Feature films can now be shot on smartphones and assembly edited within a few days of principal photography ending, the consequent shifts in production and post are massive. AI tools facilitate new products, workflows, and crew reductions. The impacts are many and harsh for an industry serving large general audiences when profitable niche audiences can be built cheaply by agile creators. Audiences are deserting broadcast for the myriad online resources. Creators are eschewing traditional training and learn much of what they need from no-cost YouTube apprenticeships.
The industry confronts a future of decreasing relevance. The new informers, educators and entertainers are in the wings and on tiny screens right now. Just like the Town Cryer, Instant Print, and Blockbusters traditional broadcast could be confined to history. This will not be a fast process, just an inevitable one. Watch out for the furry ball that crawls across the jungle floor, eating the eggs of the dinosaur!
Dr Russell Stone
The broadcast, media and television industry will come under further pressure to reduce their carbon impact to net zero from regulators, stakeholders and consumers in 2023. This may accelerate the adoption of virtual production to help achieve this target. This in turn will place greater pressure on all educators to develop the necessary programmes to meet an expected growth in demand for virtual production skills in the workplace and to ensure there is pipeline of new talent ready to meet that demand in the years to come.
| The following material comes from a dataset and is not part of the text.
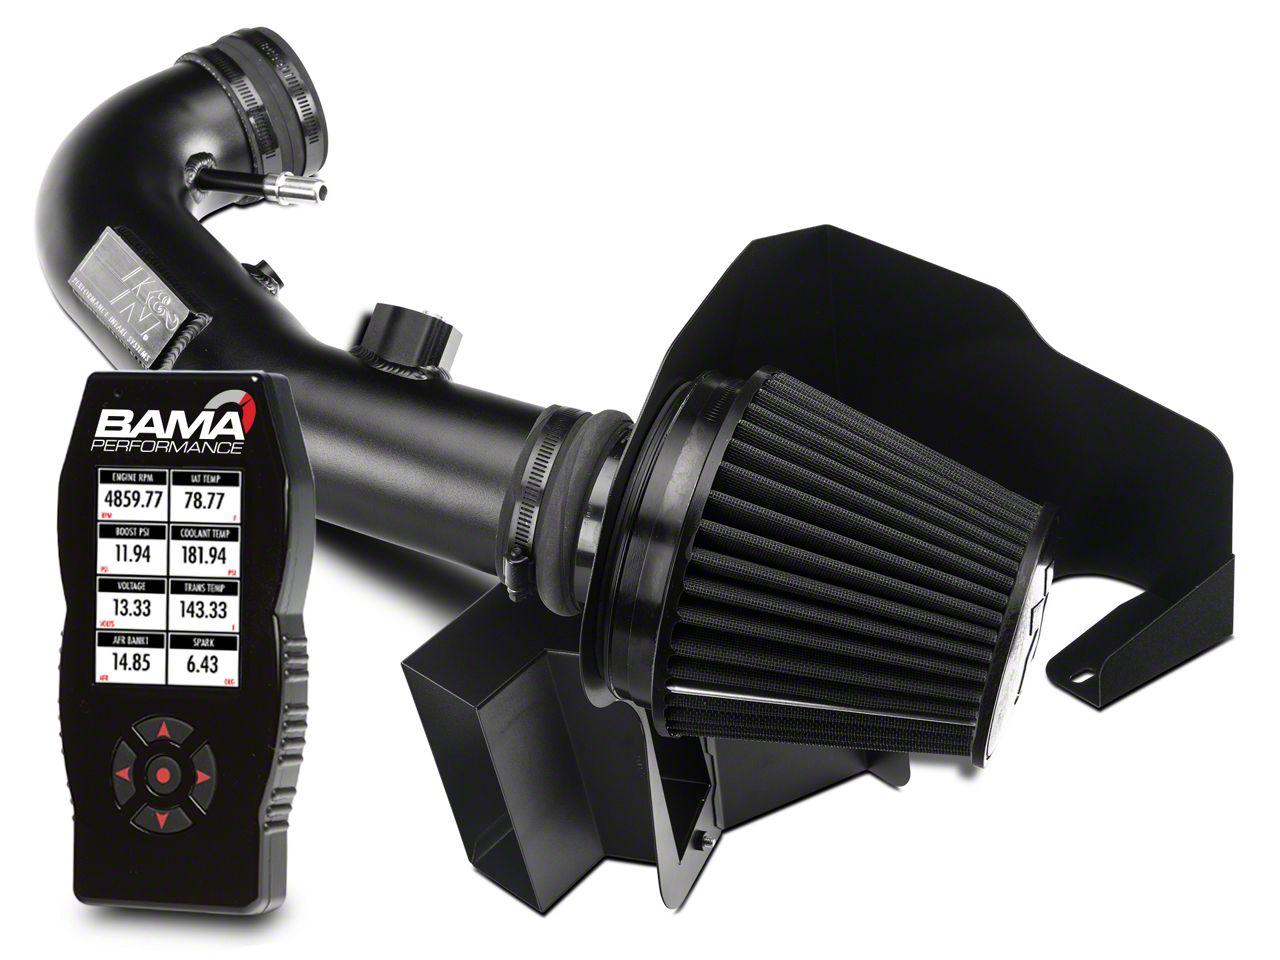 K&N Black Hawk Cold Air Intake & Bama X4 Tuner (11-14 GT)

I think there is huge potential for ‘Neural Radiance Field‘ (NeRF) image synthesis technology to cause disruption in broadcast production.
NeRFs will enable very rapid, very low cost, re-creation of locations for studio use.
High quality photographs or video sequences are processed by neural networks to re-create a clean and accurate 3D model of a location, allowing actors (real or CGI) to be placed within the scene whilst remaining in the studio.
NeRFs will enable programme makers to capture and manipulate environments, including re-lighting them to a certain degree.
When NeRF rendered scenes are allied to games engines and used with LED volumes, there will be an enormous impact on the speed and cost reduction of creating scenery and backgrounds.
NeRF development is still at an early stage, but having seen the extraordinary speed of development of AI-integrated software over the last few years, I can see production-friendly NeRF workflows being developed during the next year. With the constant pressure of cost, carbon footprint reduction and speed of production, this could well have an impact much sooner than many might expect.